FastAPI Claude Streaming Endpoint, Build A Production Wrapper
FastAPI plus the Anthropic Python SDK for a streaming chat endpoint, the build I shipped for a real client

import APIPriceLive from "@/components/data/APIPriceLive";
FastAPI plus the Anthropic Python SDK is my default stack for shipping AI features inside a backend. Streaming via Server-Sent Events keeps the UX responsive, the SDK handles retries cleanly, and FastAPI's async handlers slot in naturally. I shipped this exact wrapper for a Bengaluru client last month. This is the structure that landed, plus the SSE encoding gotcha that cost me an evening.
What you'll build
A FastAPI server with a /chat endpoint that streams Claude Sonnet 4.6 responses via SSE, deployed locally for testing, with a working browser client.

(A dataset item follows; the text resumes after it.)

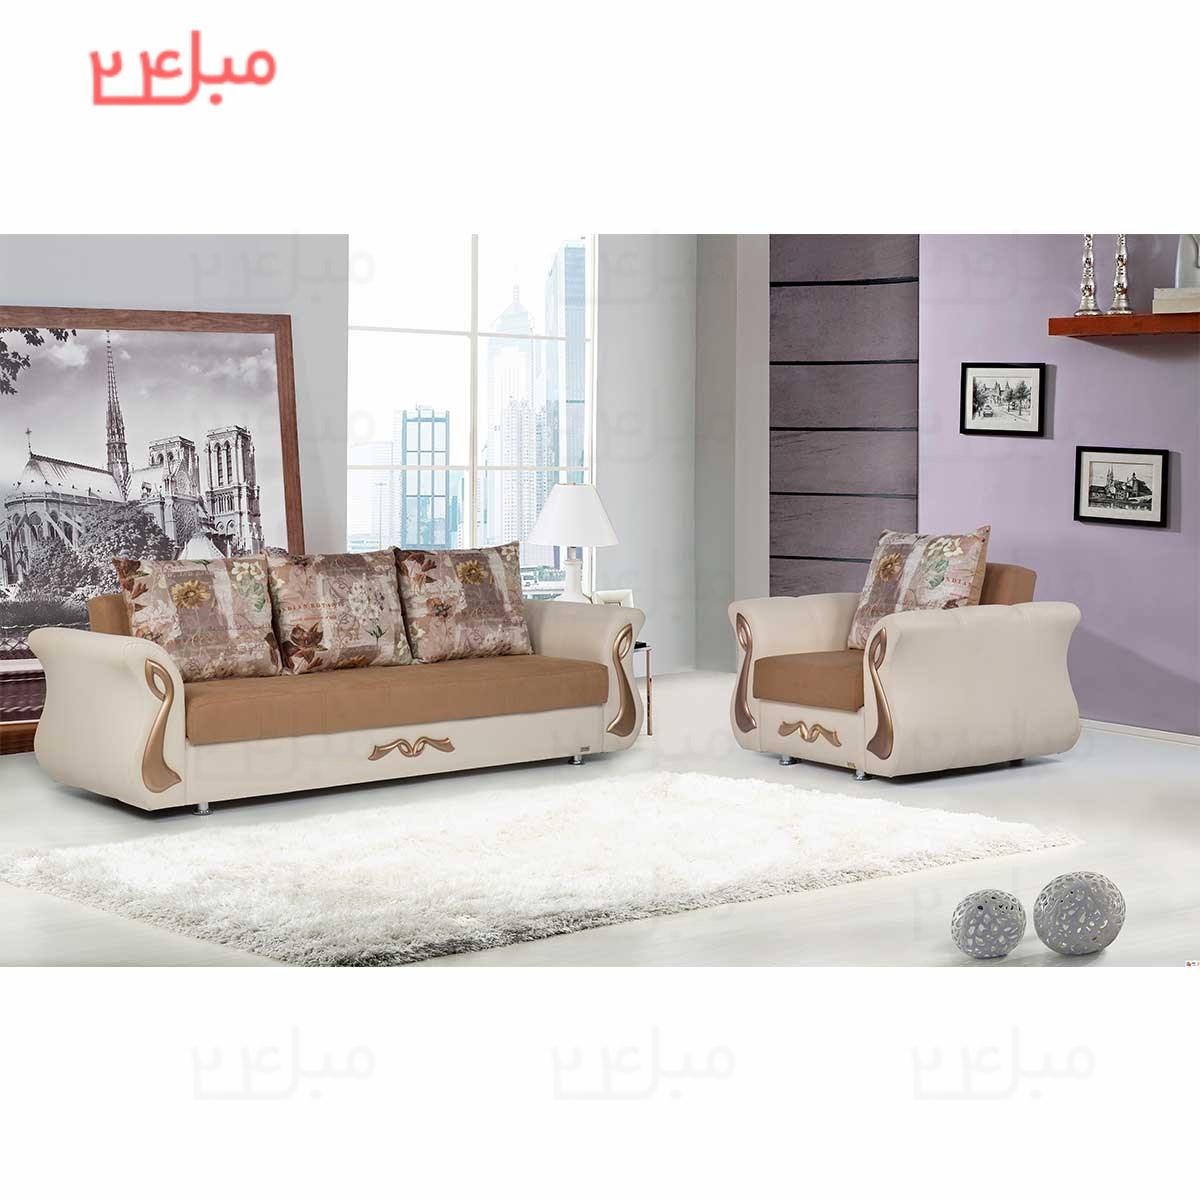 ست مبل راحتی تختخواب شو ( تخت شو ) 7 نفره مدل :P83N |

Roughly 40 minutes including the test client.
Caption: FastAPI server on the ThinkCentre streaming Claude responses to a test browser client.
Prerequisites
- Python 3.11+
- An Anthropic API key with credits
- Basic familiarity with async Python
- A browser to test the SSE client
If your client is not a browser, swap the SSE response for a chunked HTTP response or websockets. The server-side logic does not change.
Step 1, set up the venv
mkdir -p ~/projects/claude-api
cd ~/projects/claude-api
python3 -m venv .venv
source .venv/bin/activate
pip install fastapi uvicorn anthropic sse-starlette

The sse-starlette package gives you proper SSE response handling without writing the protocol by hand.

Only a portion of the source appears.